* [GOAL OF THE EXERCISE] Only the pictures are to be left out; write out the rest of the data exactly.

* [STORED DATA]
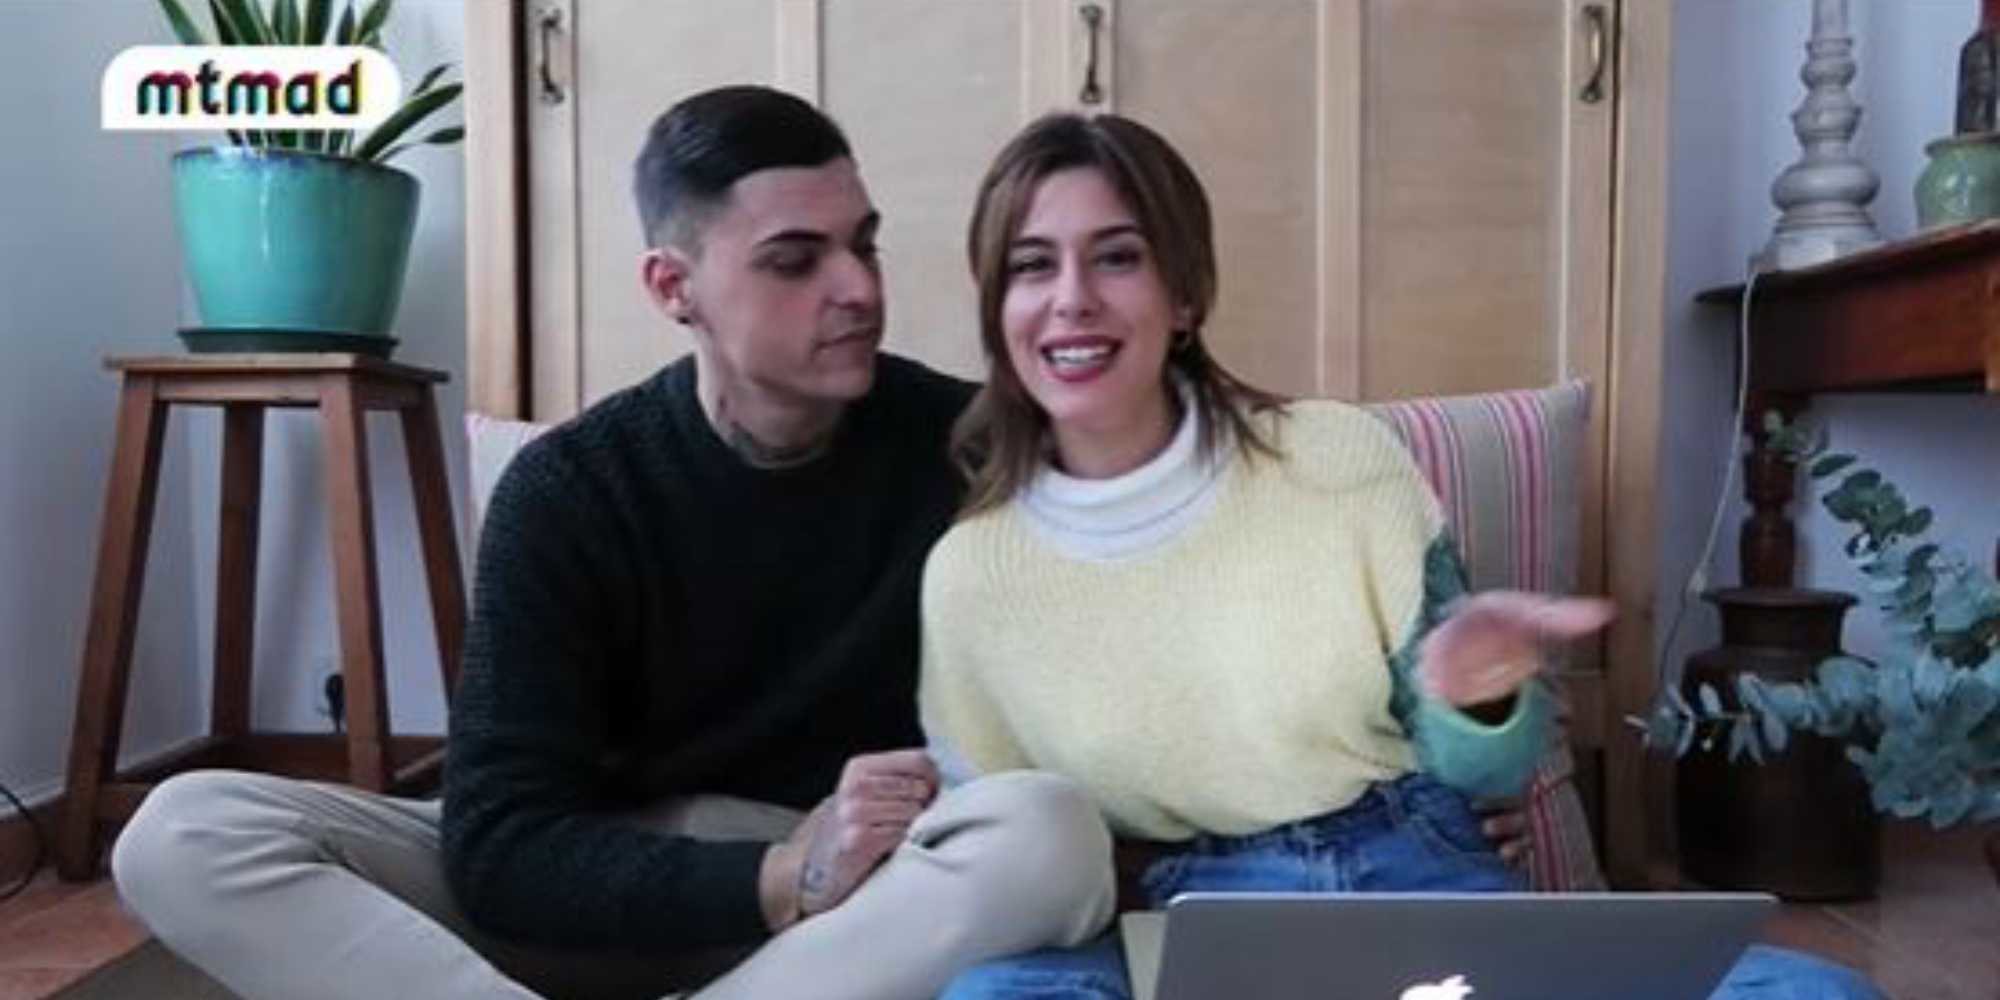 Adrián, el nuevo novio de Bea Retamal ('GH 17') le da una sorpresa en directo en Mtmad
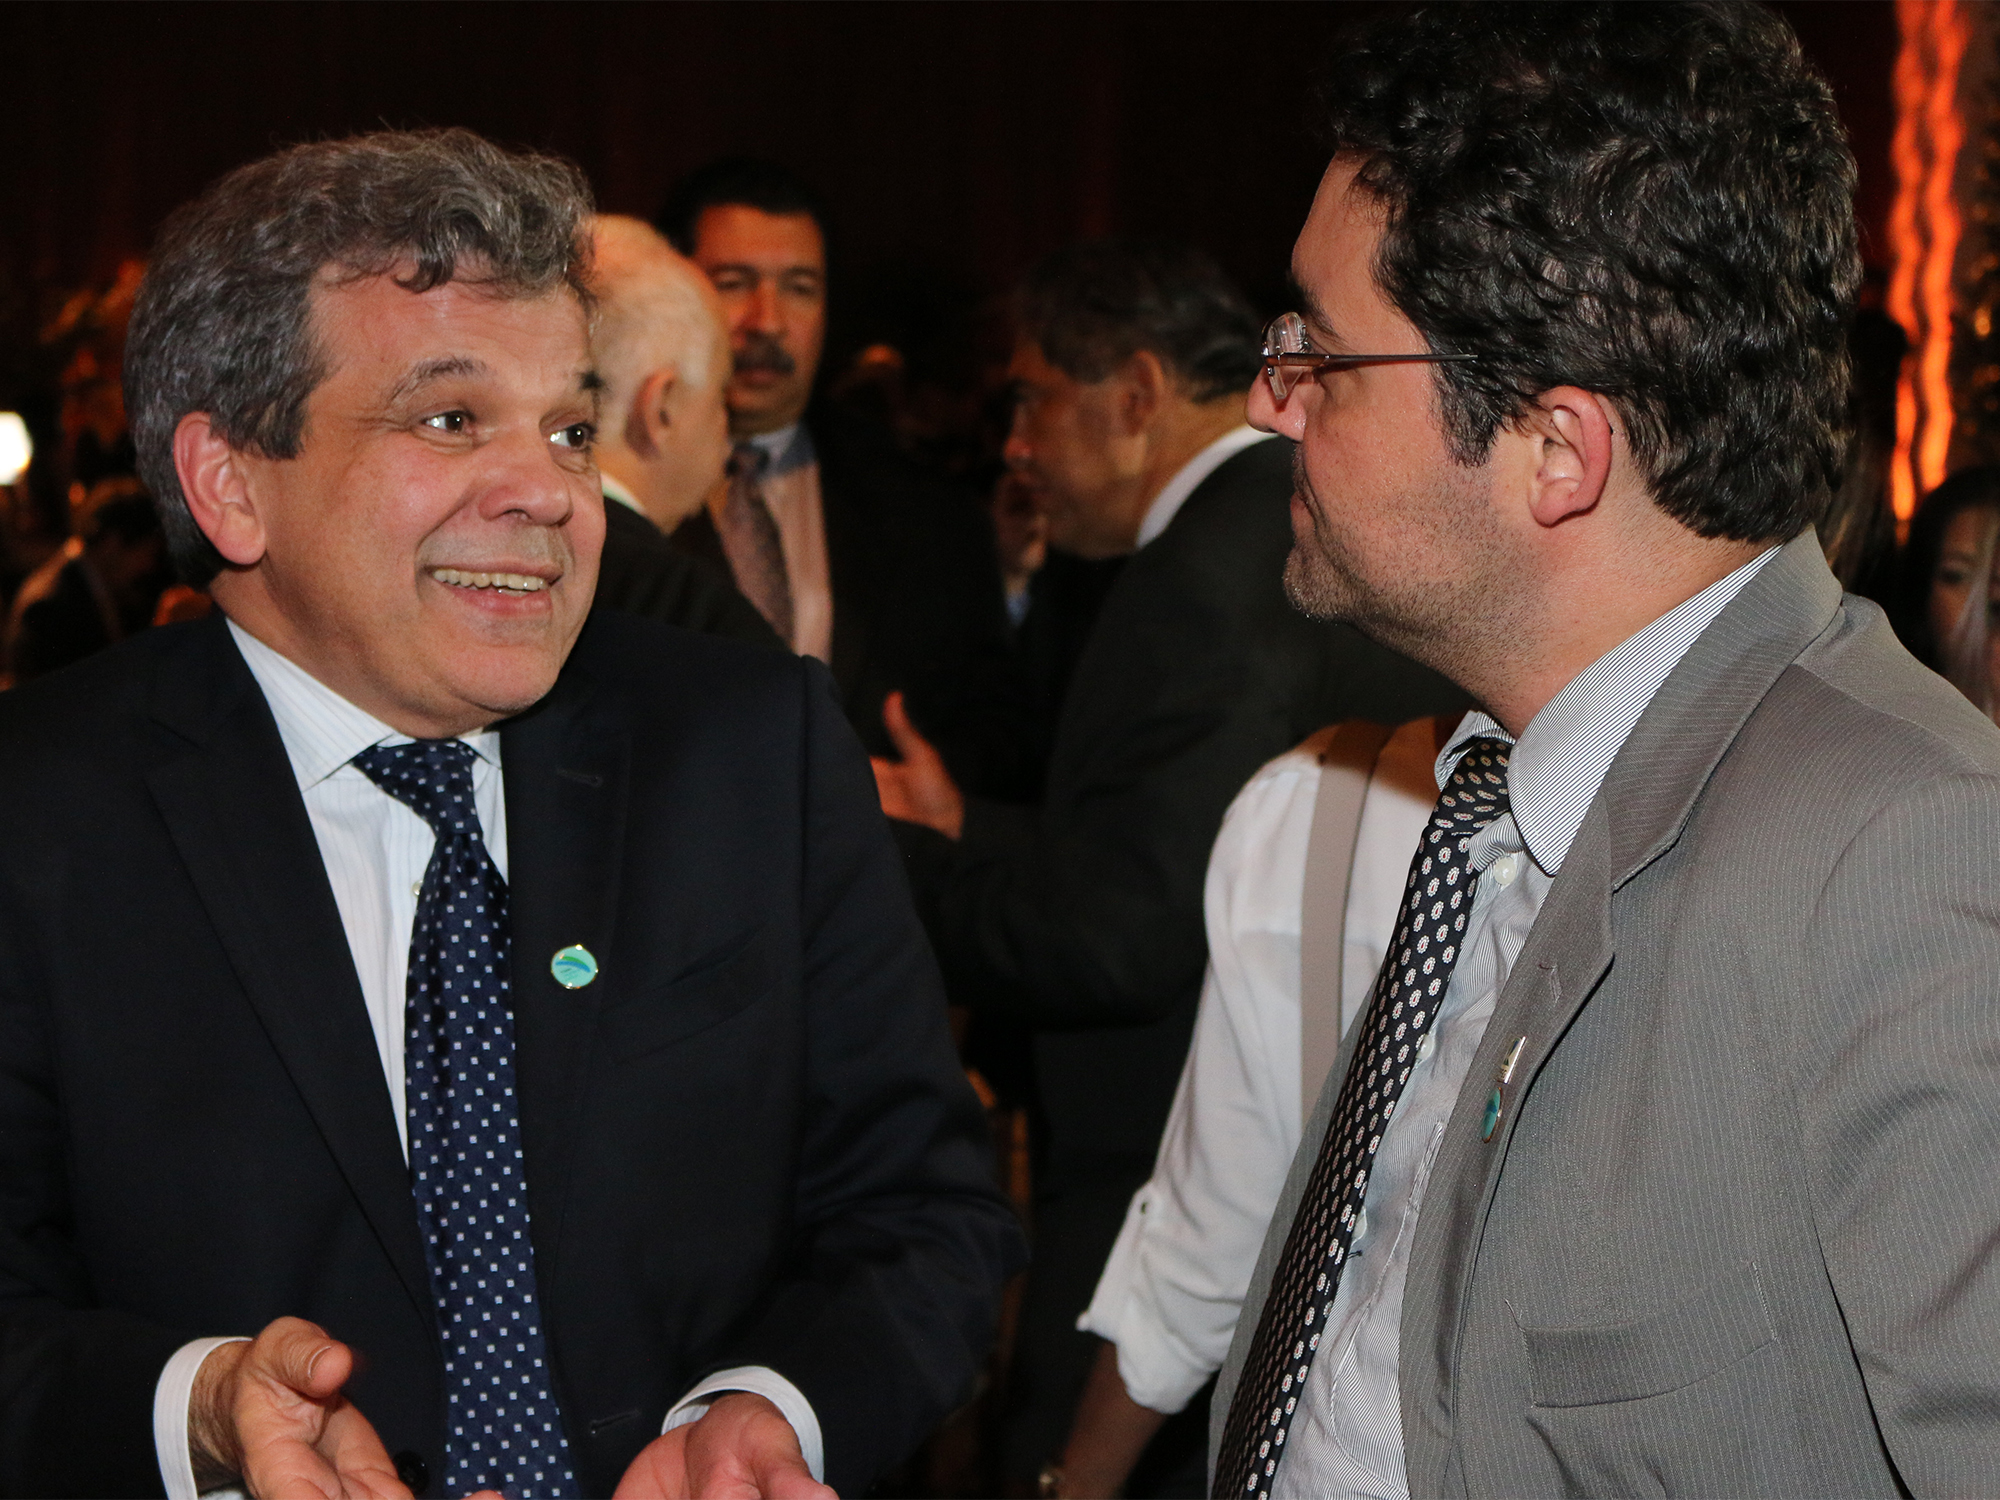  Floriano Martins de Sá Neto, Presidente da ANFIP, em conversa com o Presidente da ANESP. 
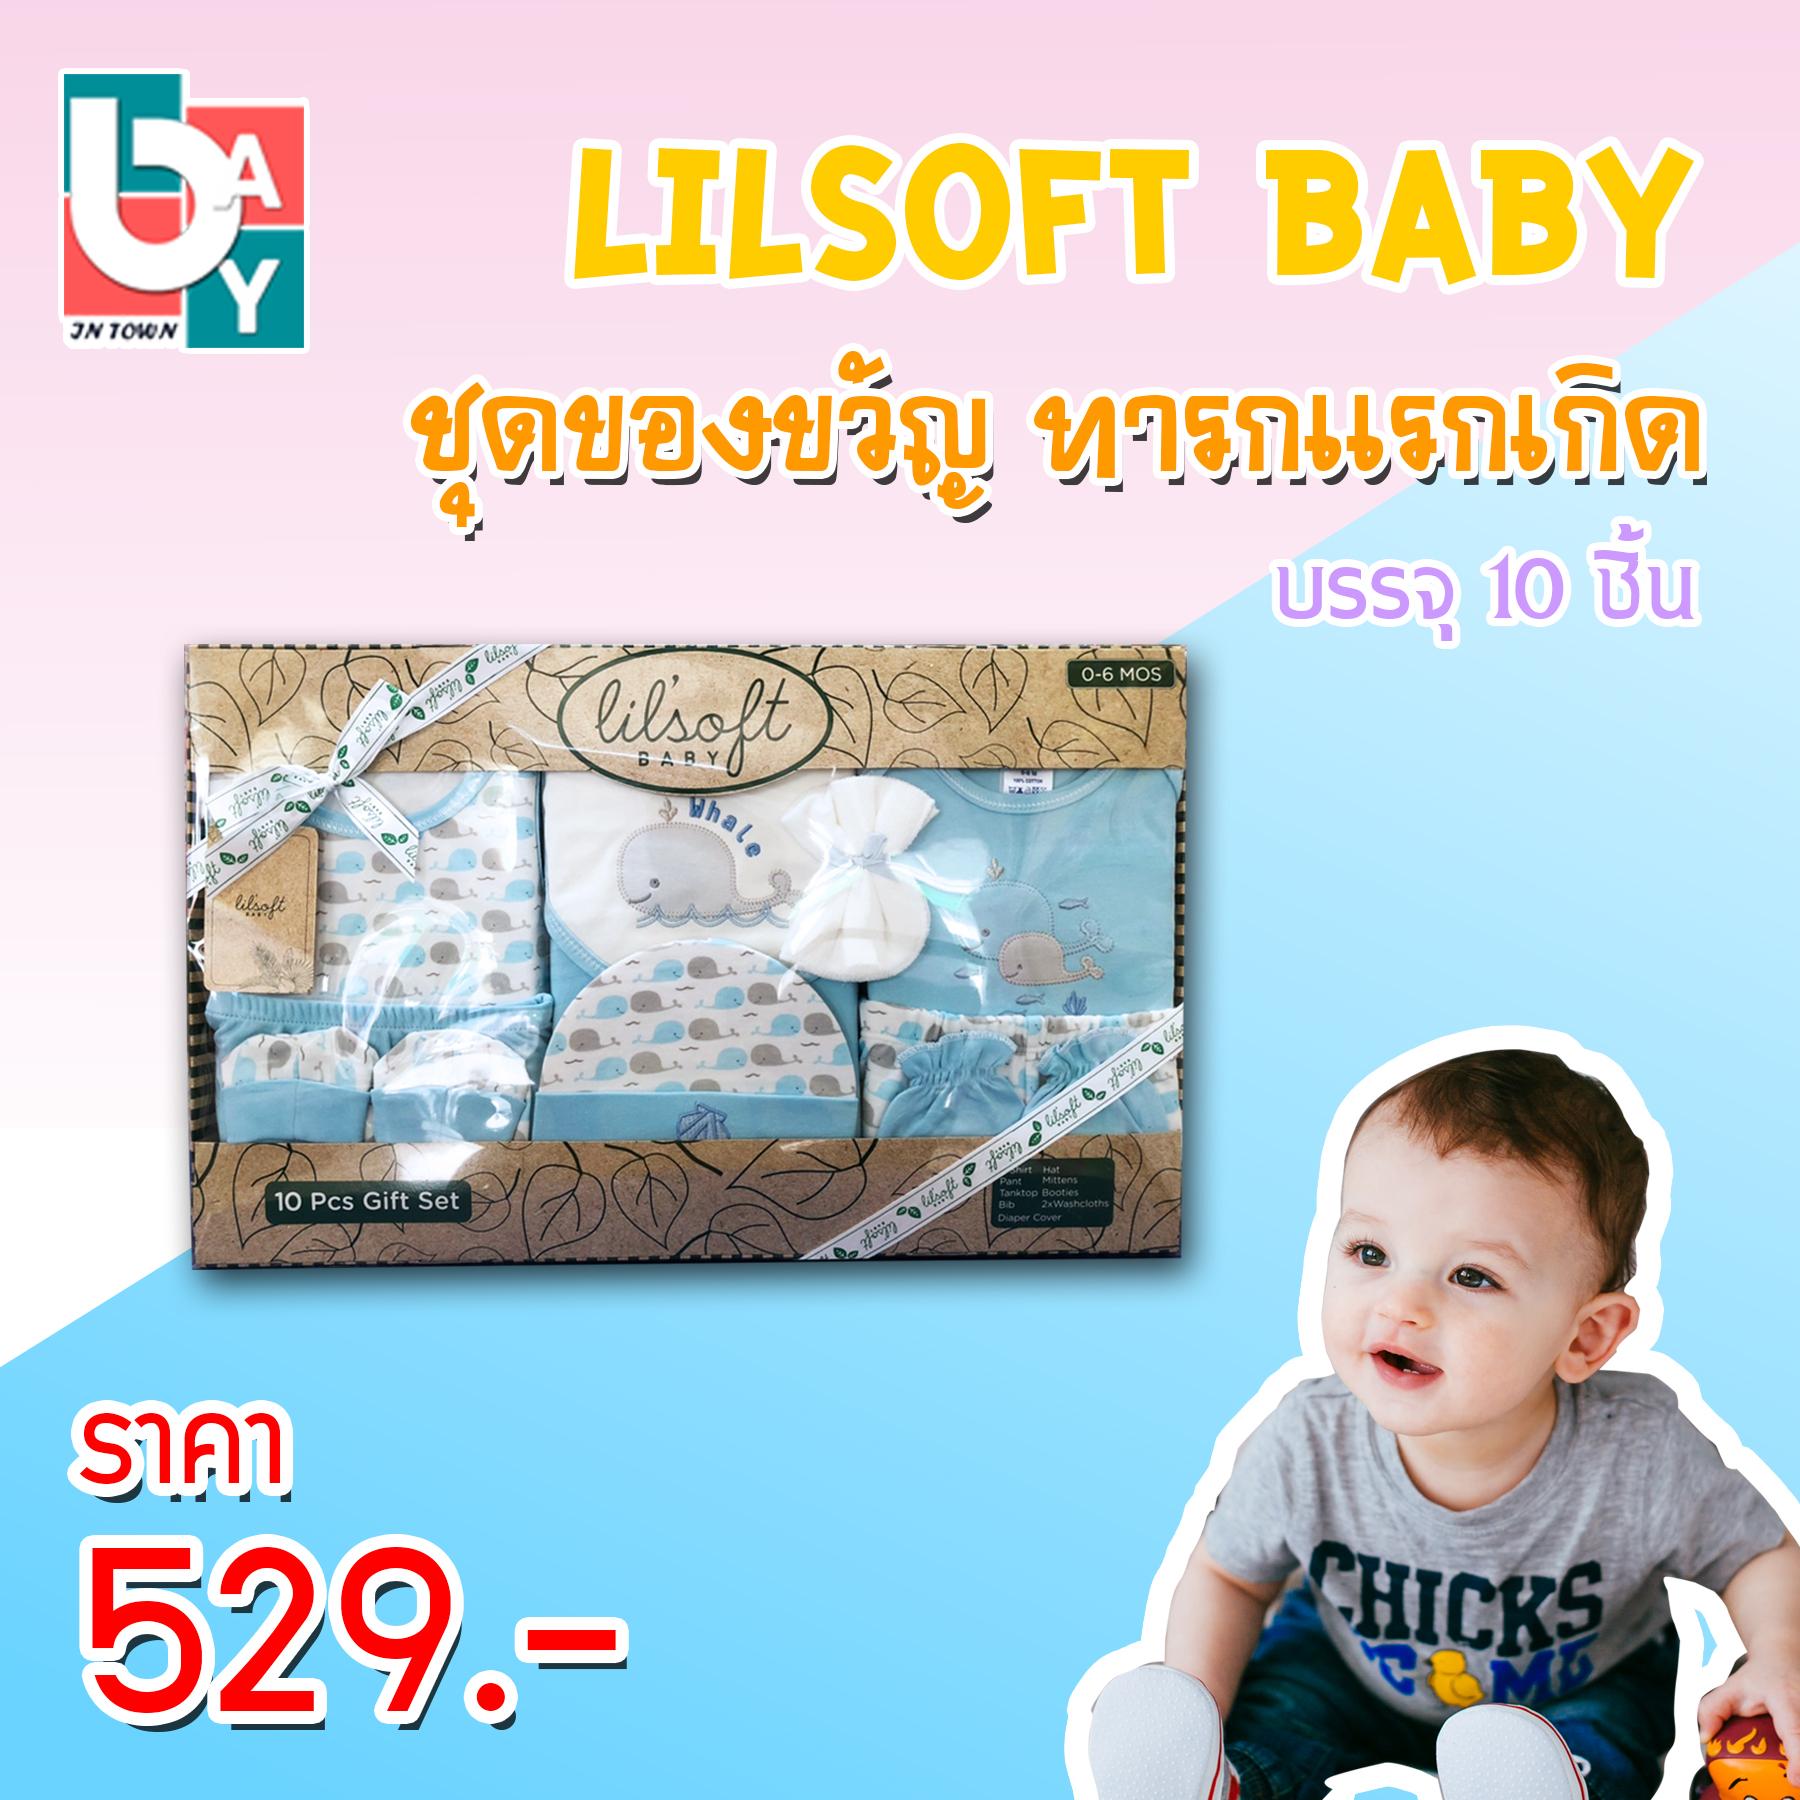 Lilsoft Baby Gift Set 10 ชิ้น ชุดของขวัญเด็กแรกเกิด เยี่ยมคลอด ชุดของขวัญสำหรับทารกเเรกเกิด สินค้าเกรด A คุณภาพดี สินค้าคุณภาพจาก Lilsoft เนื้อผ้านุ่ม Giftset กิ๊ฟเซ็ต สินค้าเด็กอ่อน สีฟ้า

* [EXERCISE RESPONSE]
 Adrián, el nuevo novio de Bea Retamal ('GH 17') le da una sorpresa en directo en Mtmad
  Floriano Martins de Sá Neto, Presidente da ANFIP, em conversa com o Presidente da ANESP. 
 Lilsoft Baby Gift Set 10 ชิ้น ชุดของขวัญเด็กแรกเกิด เยี่ยมคลอด ชุดของขวัญสำหรับทารกเเรกเกิด สินค้าเกรด A คุณภาพดี สินค้าคุณภาพจาก Lilsoft เนื้อผ้านุ่ม Giftset กิ๊ฟเซ็ต สินค้าเด็กอ่อน สีฟ้า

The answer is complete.